Hi everyone, I have been wanting to write for a little while, but with the craziness of moving, there are very few things that I have actually accomplished that I have been wanting to do. However, we are moved into our new home in Croghan, and while we are still unpacking it is so nice to be able to drive 5 minutes to work, or even have the option of walking if I don't have too much to carry. Elias is still attending school in Herkimer to become a computer network technician, so that's a 90 min drive 3 times per week, but it's so much closer to be able to work with his dad and just drop in and see our amazing parents! We were incredibly blessed to have the help of all of our parents for the moving out portion and to have amazing friends on the Lewis county side waiting to help us carry everything into the new house. We are incredibly blessed!
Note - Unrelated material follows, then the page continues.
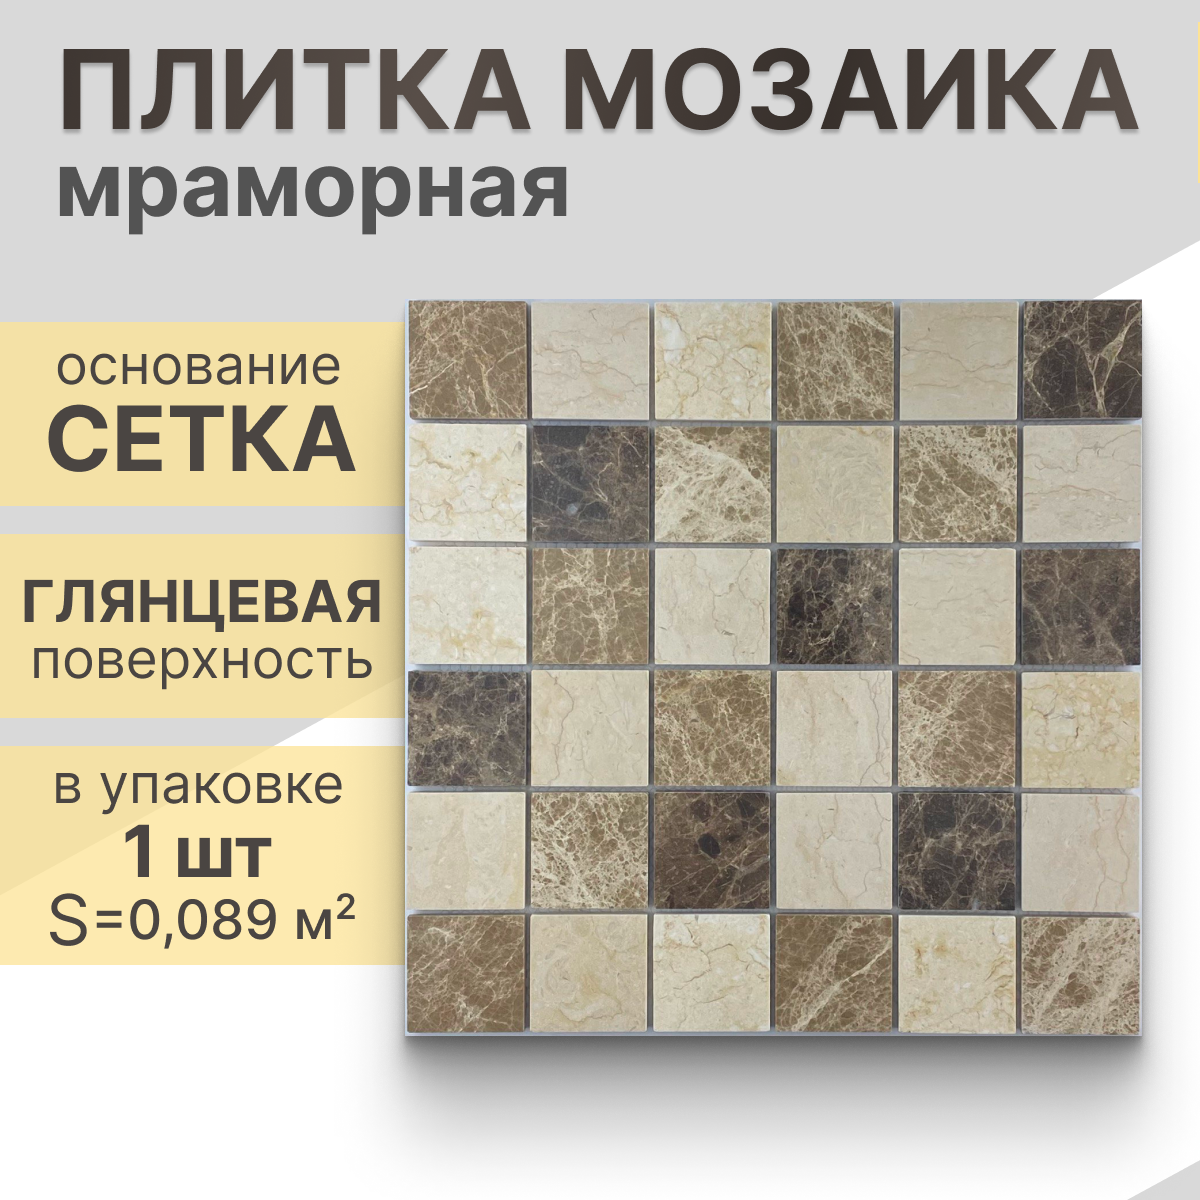 Мозаика (мрамор) NS mosaic Kp-758 29.8X29,8 см 1 шт (0,089 м²)

No onto the actual post. There is a topic I have been wanting to write about for a long time, but I have wanted to do it with gentleness and love. However, in the meantime, there was a an article that came out that covered one of the sub-topics, I guess you might say, that I would be covering in this post and I decided to dedicate a post all of it's own to talk about this article.
Basically this was an article by two parents who are pregnant with twins as a result of IVF and the title was "I'm Expecting Twins- and I Feel Like I Ruined my Family. As you can imagine, this title did not sit well with me at all, maybe I shouldn't have even read the article. But I did. Frankly I was angered by this article and this couple, I was also saddened for the babies who may someday read this article and feel as though they "ruined" their family's lives. I need to back-track to explain a bit. This couple has a 3 year old and wanted one more. So they turned to IVF. Due to the low success rates of IVF, they decided to transfer two embryos. I need to stop right there. They made the CHOICE to transfer two embryos, no one told them they had to, they could have transferred one and froze any remaining embryos for a later transfer. But no, they transferred two, which means that they knew that they could get pregnant with twins. Now I can empathize with the fact that they are scared and unsure if they can financially provide for two extra children and that they were not expecting both embryos to take. But the mother goes on and on about how horrible the pregnancy is and how awful she feels and how she can't play with her son the way she used to.
Here is my issue, I'm not going to pretend like I know what it's like to be pregnant, but I would love to know. I know that some people love it and others hate it. Some have it easy, some have really difficult pregnancies. However, one of my biggest pet peeves is people complaining publicly about their pregnancy. I can guarantee you that no matter how much you hate being pregnant and how horrible you feel, there are thousands of women, just like me, who would take your place in an instant. I can empathize with someone who says, this is hard, harder than I ever I thought. I can even empathize with women who don't enjoy being pregnant. I have a hard time empathizing with women who publicly complain about their pregnancies whether it be verbally in groups, on Facebook, or in this case, a very public article.
Please understand that every time you complain publicly, there may be people around you that are hurting in a way that you can't understand. There is even a chance that you could lose a friend over this, I have heard of it happening. You don't need to walk on eggshells around women struggling with infertility, but please be mindful of what you say when around them or on Facebook, which is the most painful place to be exposed to pregnancy whether it be announcements, pictures or complaints. Also, keep in mind that you may not know that a woman around you is struggling. No, we can't understand the discomfort and emotions that you are feeling, but you also can't understand the gut wrenching sobs that we have cried over the fact that we cannot become the one thing that we want more than anything in the world. The thing that many of us feel we were created to be.....a mother. Also, please understand that your children may some day see or hear what you said, and they may not be able to understand your emotions in that moment. The last thing anyone should want, is for their child to feel as though he/she were unwanted.
Please know that I am not condemning anyone, and if you have been on of those that complained publicly, that's okay. My goal is to raise awareness and help everyone be more mindful of the pain that other's may be suffering around them, not just in regards to infertility, but in life in general.